What is the difference between Pierre Robin sequence and CCMS?
The difference between Pierre Robin sequence and CCMS is the presence of the rib abnormality. Children usually have 12 pairs of ribs. With CCMS, some ribs may be absent or not form completely. Also, abnormal gaps can occur in the back of the rib cage, which can change the appearance of the chest.
What are the signs and symptoms of pediatric cerebrocostomandibular syndrome (CCMS)?

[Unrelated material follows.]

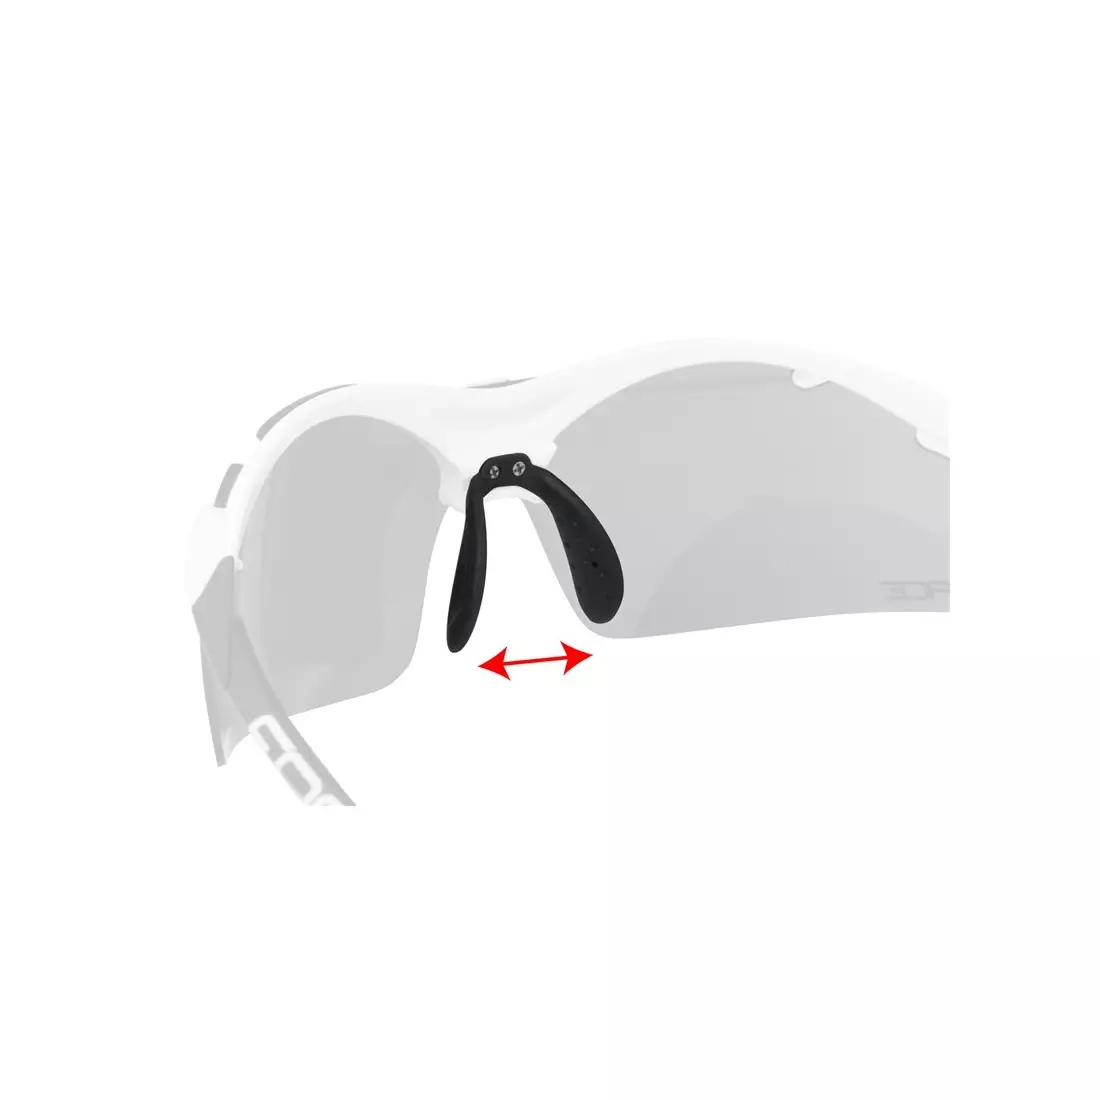 Ochelari FORCE DUKE cu lentile interschimbabile, alb si negru 91021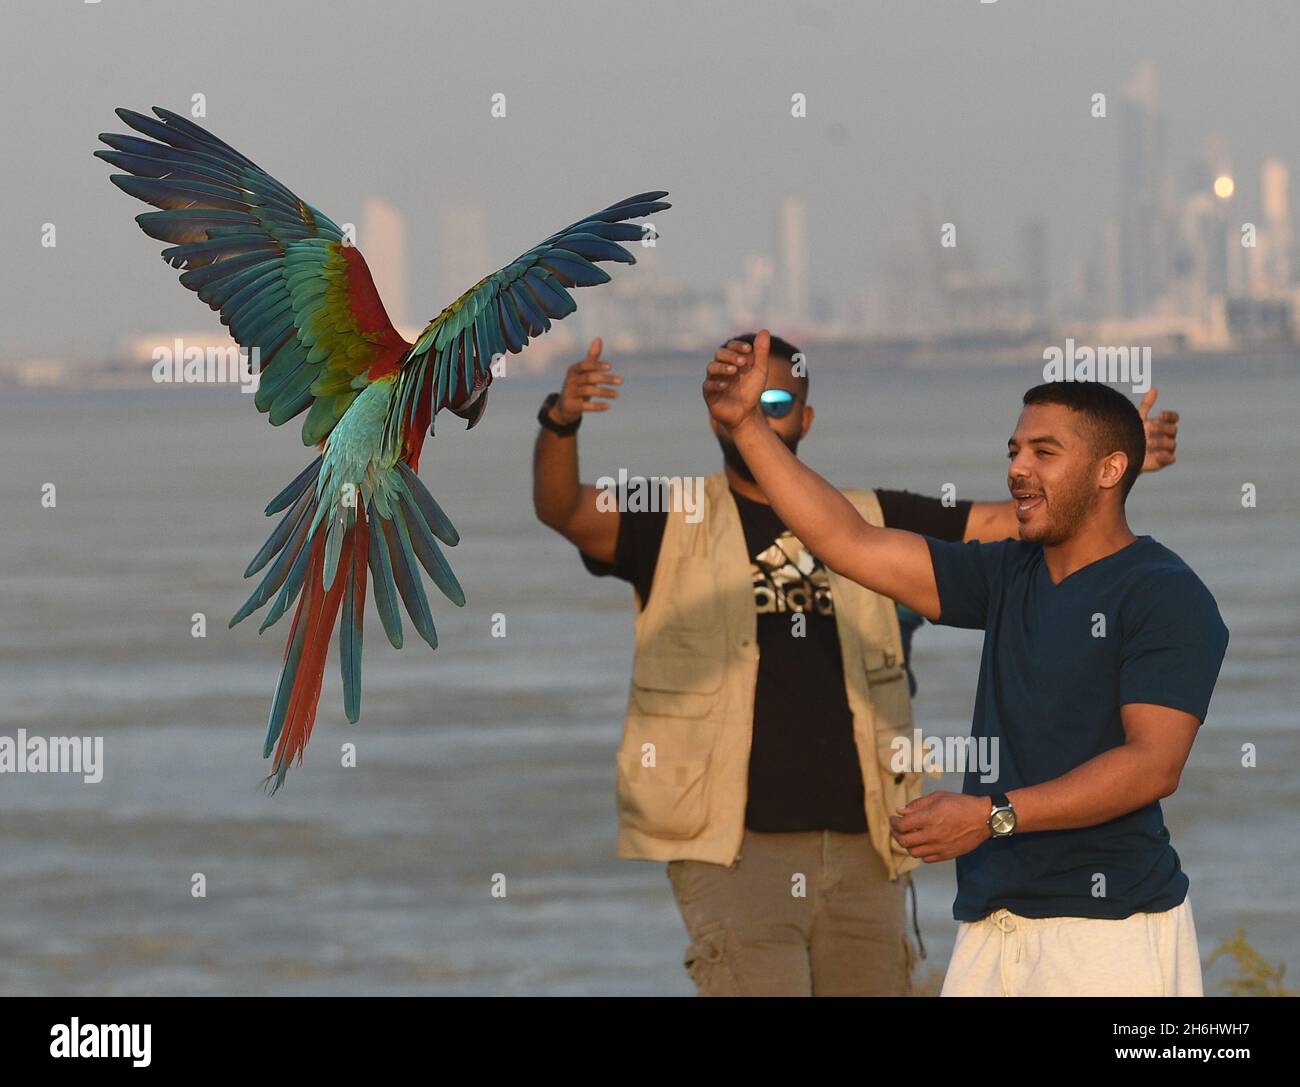 Hauptstadt Des Gouvernements, Kuwait. November 2021. Vogelfreunde trainieren einen Papagei während einer Trainingsausstellung in Capital Governorate, Kuwait, 15. November 2021. Quelle: Asad/Xinhua/Alamy Live News Stockfoto

- Abnormal rib development
- Abnormally small, underdeveloped jaw (micrognathia)
- Cleft palate
- Difficulty swallowing or feeding
- Hearing problems
- Vision problems
- Improperly formed palate and abnormal tongue position
- Intellectual difficulties caused by lack of oxygen and respiratory distress
- Malformation of the head and facial area
- Microcephaly (smaller than the average head size)
- Respiratory difficulties
- Slow growth in the mother’s womb and after birth
- Smaller than normal jaw
What are the causes of pediatric cerebrocostomandibular syndrome (CCMS)?
Most cases of CCMS are sporadic and are not a result of an inherited condition. However, some cases are linked to a genetic condition.